Taking the line with "Zwei Teenager-Maedchen rauchen" as the first and the last line of the listing as the final one, please copy exactly those lines and no others, without pictures.

*Stored data*
= Beginning of Section =
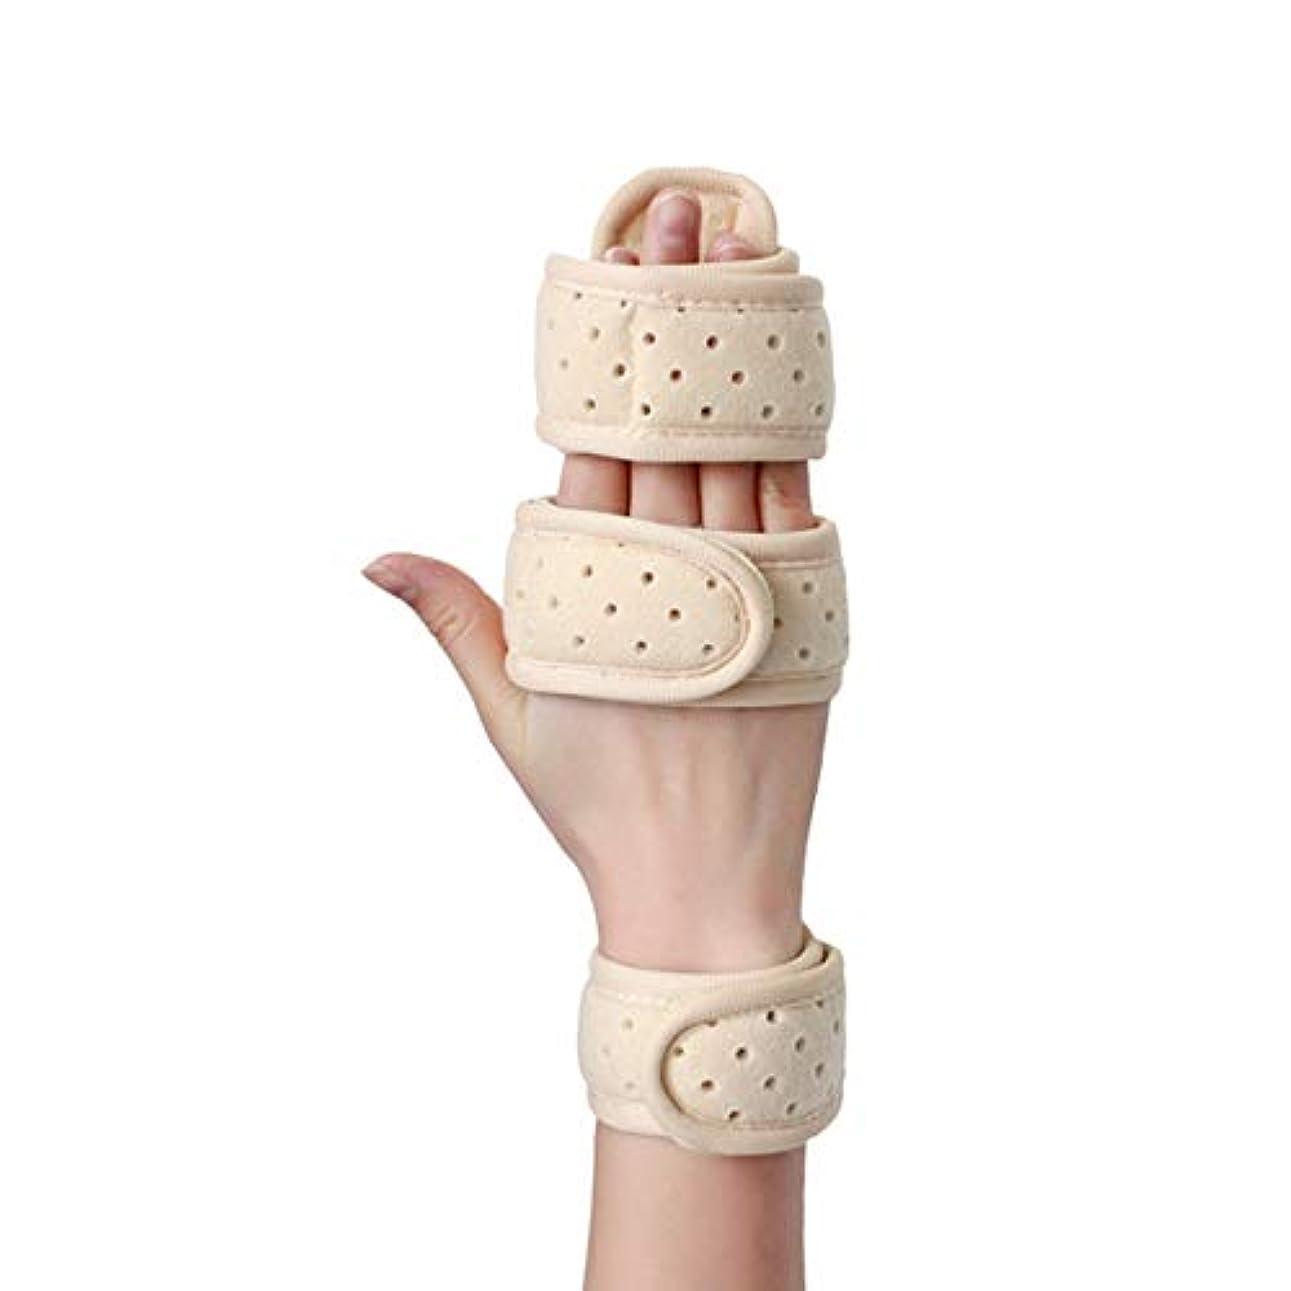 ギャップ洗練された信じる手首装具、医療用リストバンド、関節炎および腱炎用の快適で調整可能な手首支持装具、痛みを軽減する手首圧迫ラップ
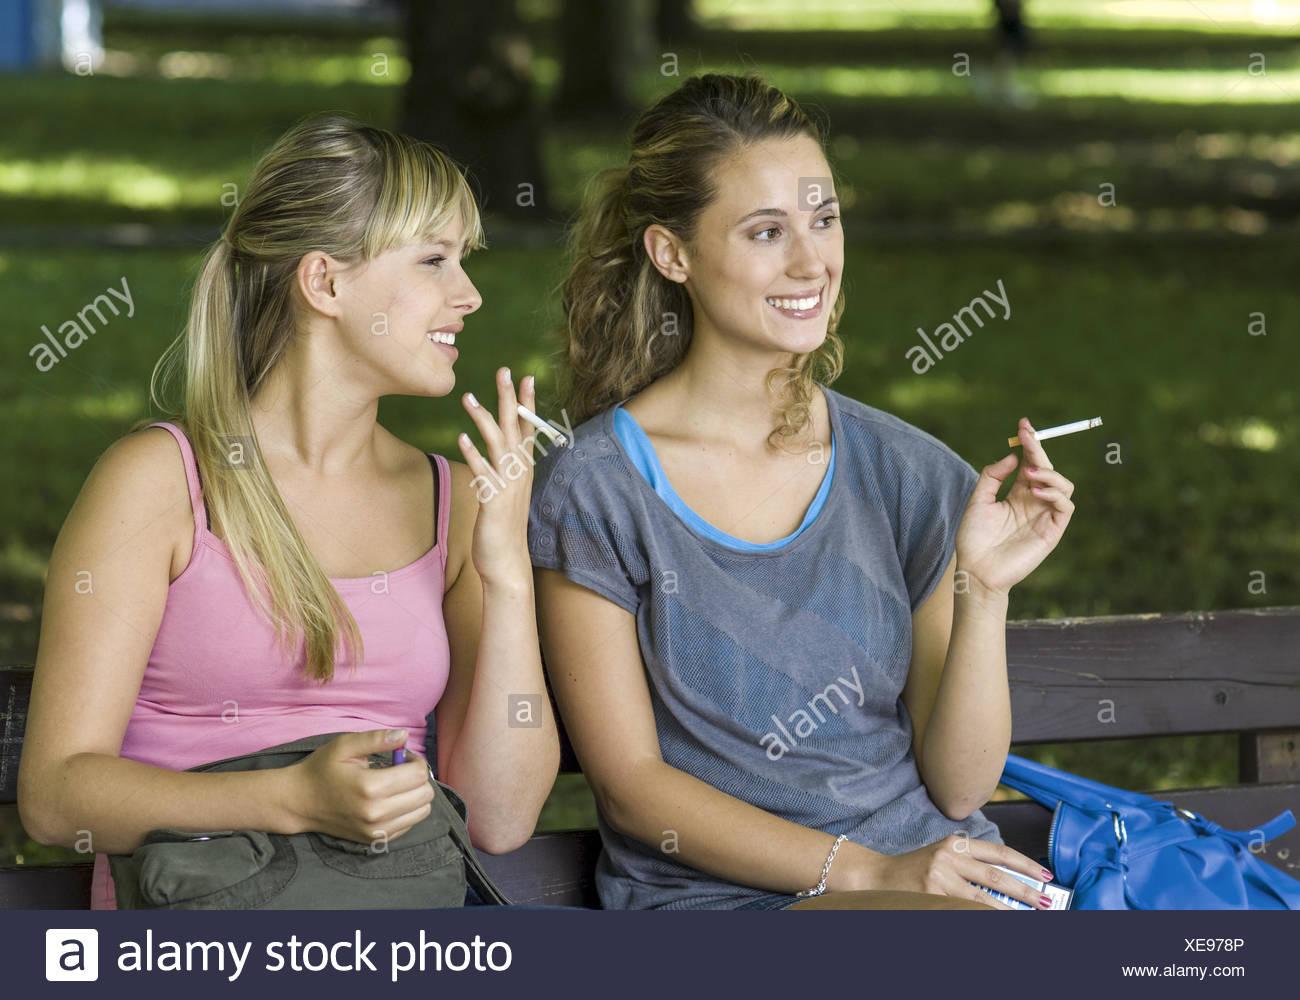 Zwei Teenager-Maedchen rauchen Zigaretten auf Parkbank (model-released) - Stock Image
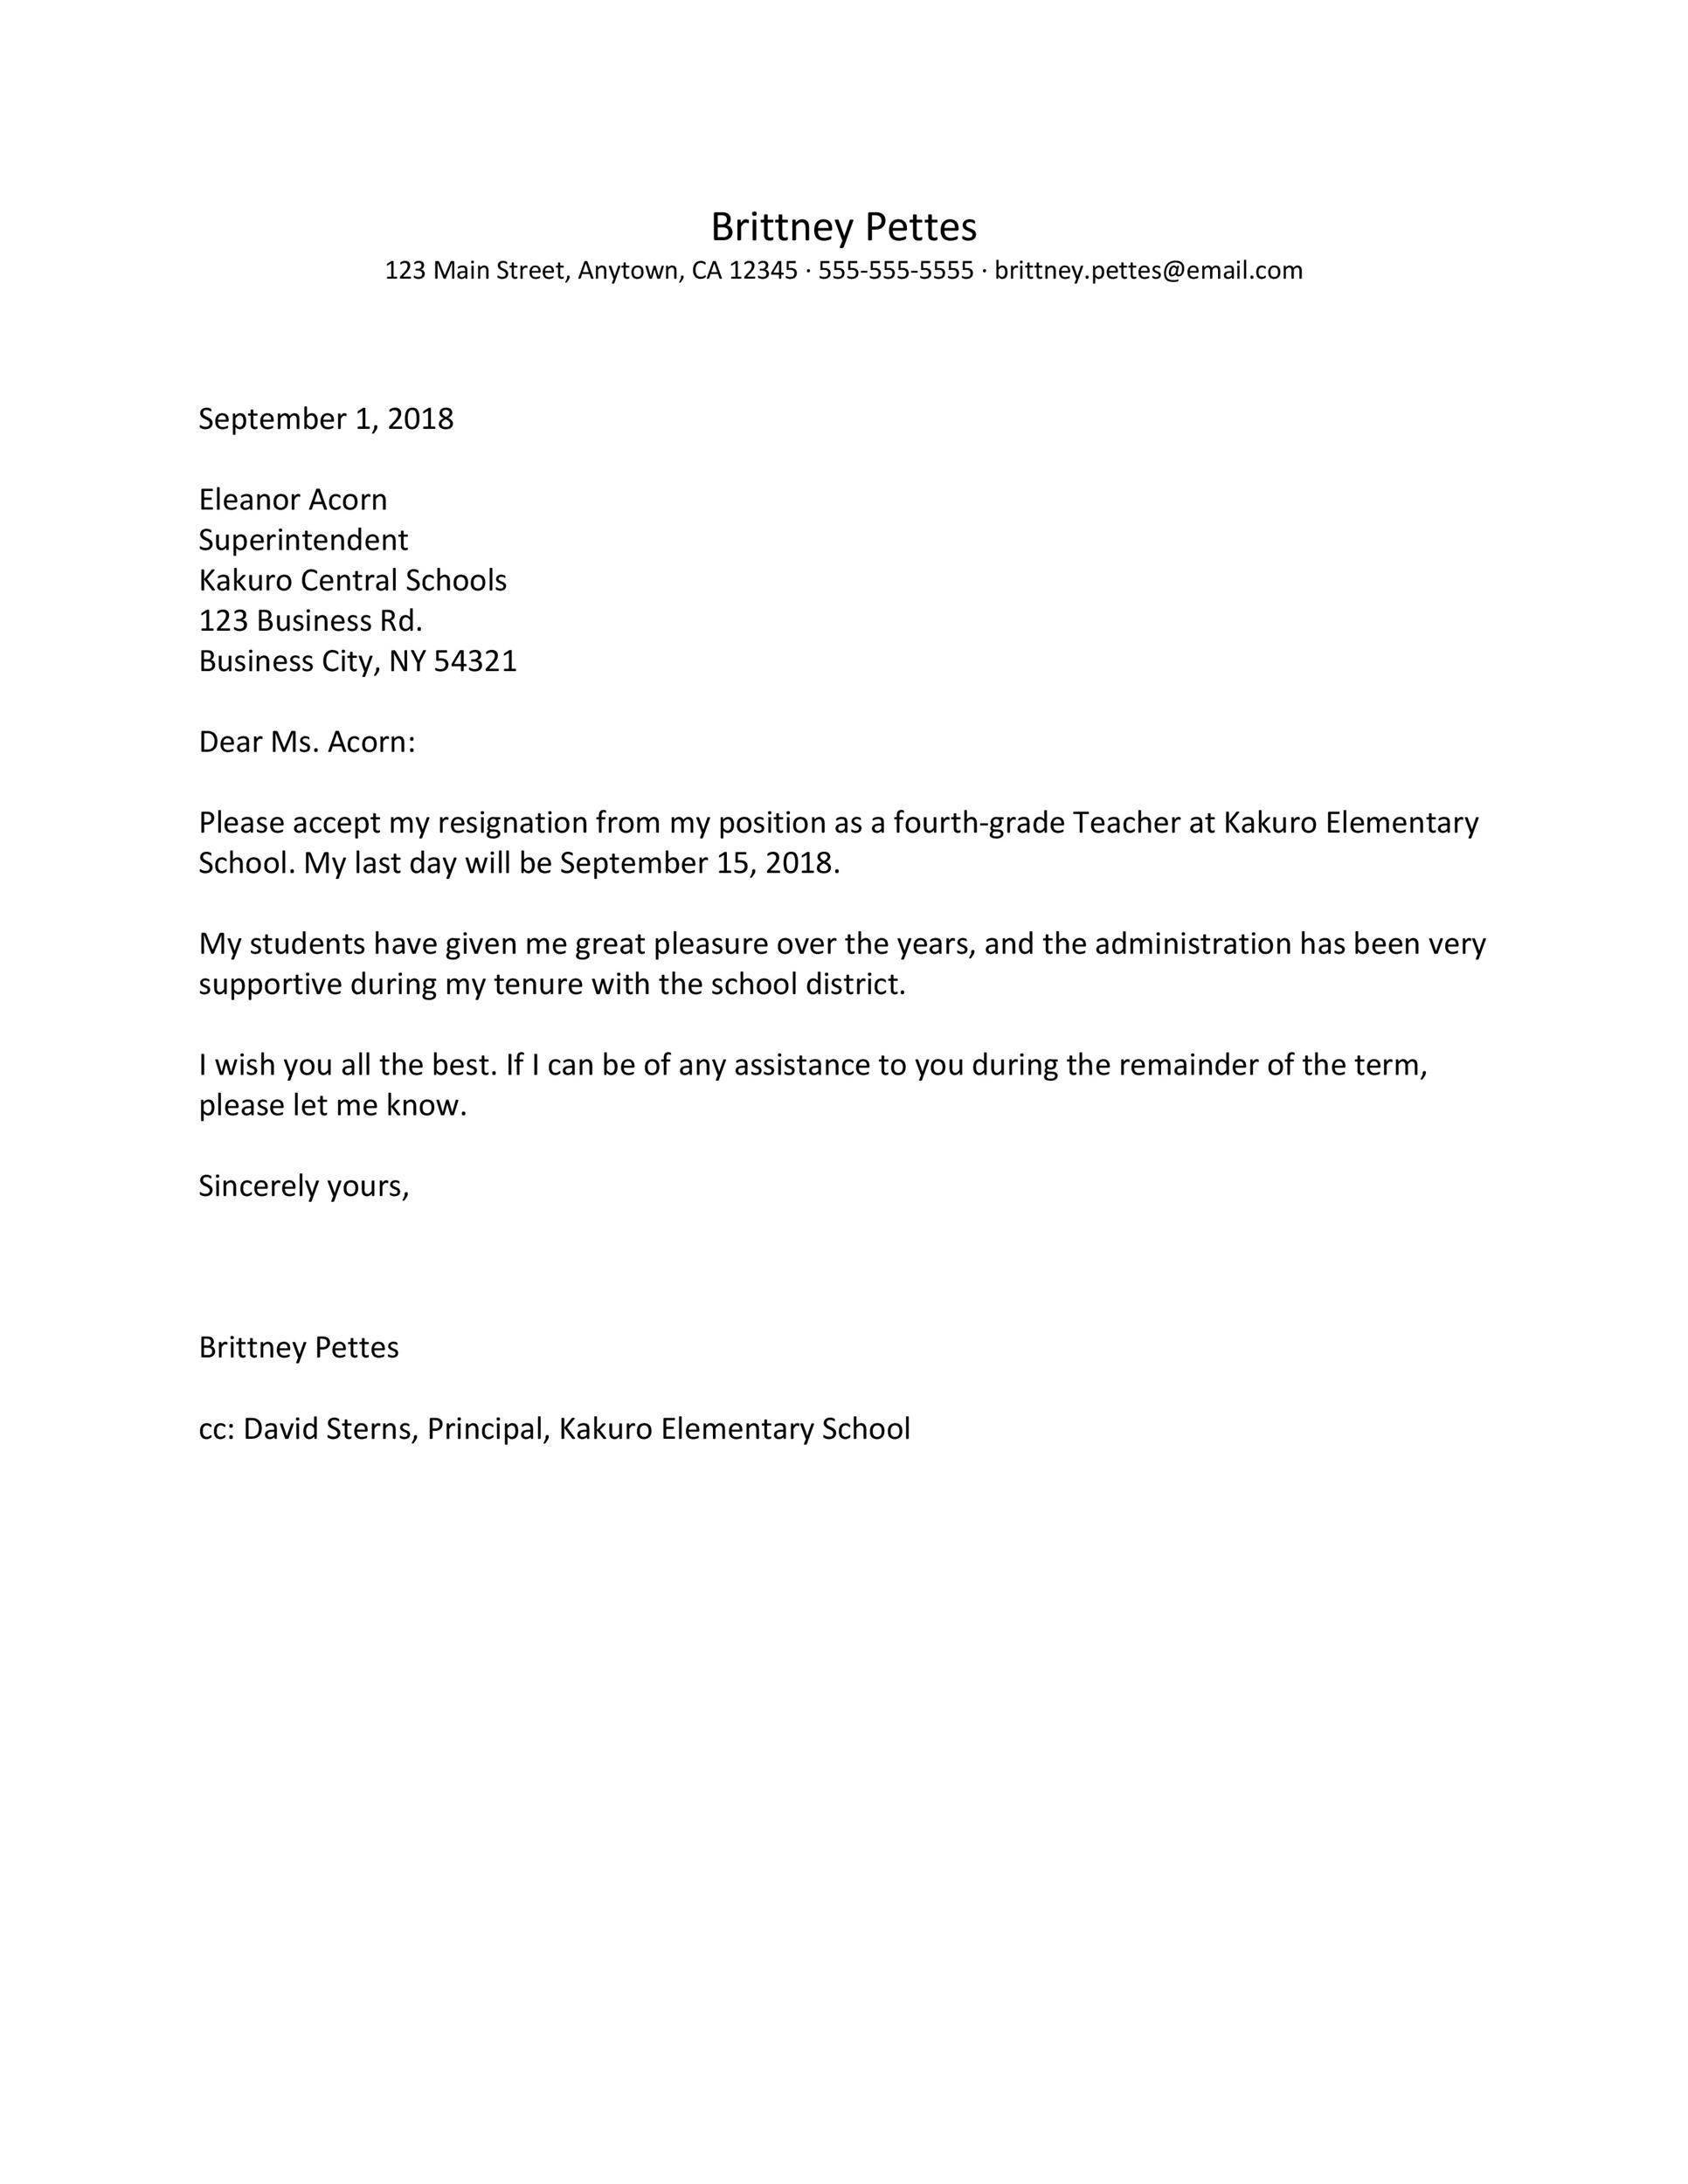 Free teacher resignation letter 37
= End of Section =
*Written reply*
 Zwei Teenager-Maedchen rauchen Zigaretten auf Parkbank (model-released) - Stock Image
 Free teacher resignation letter 37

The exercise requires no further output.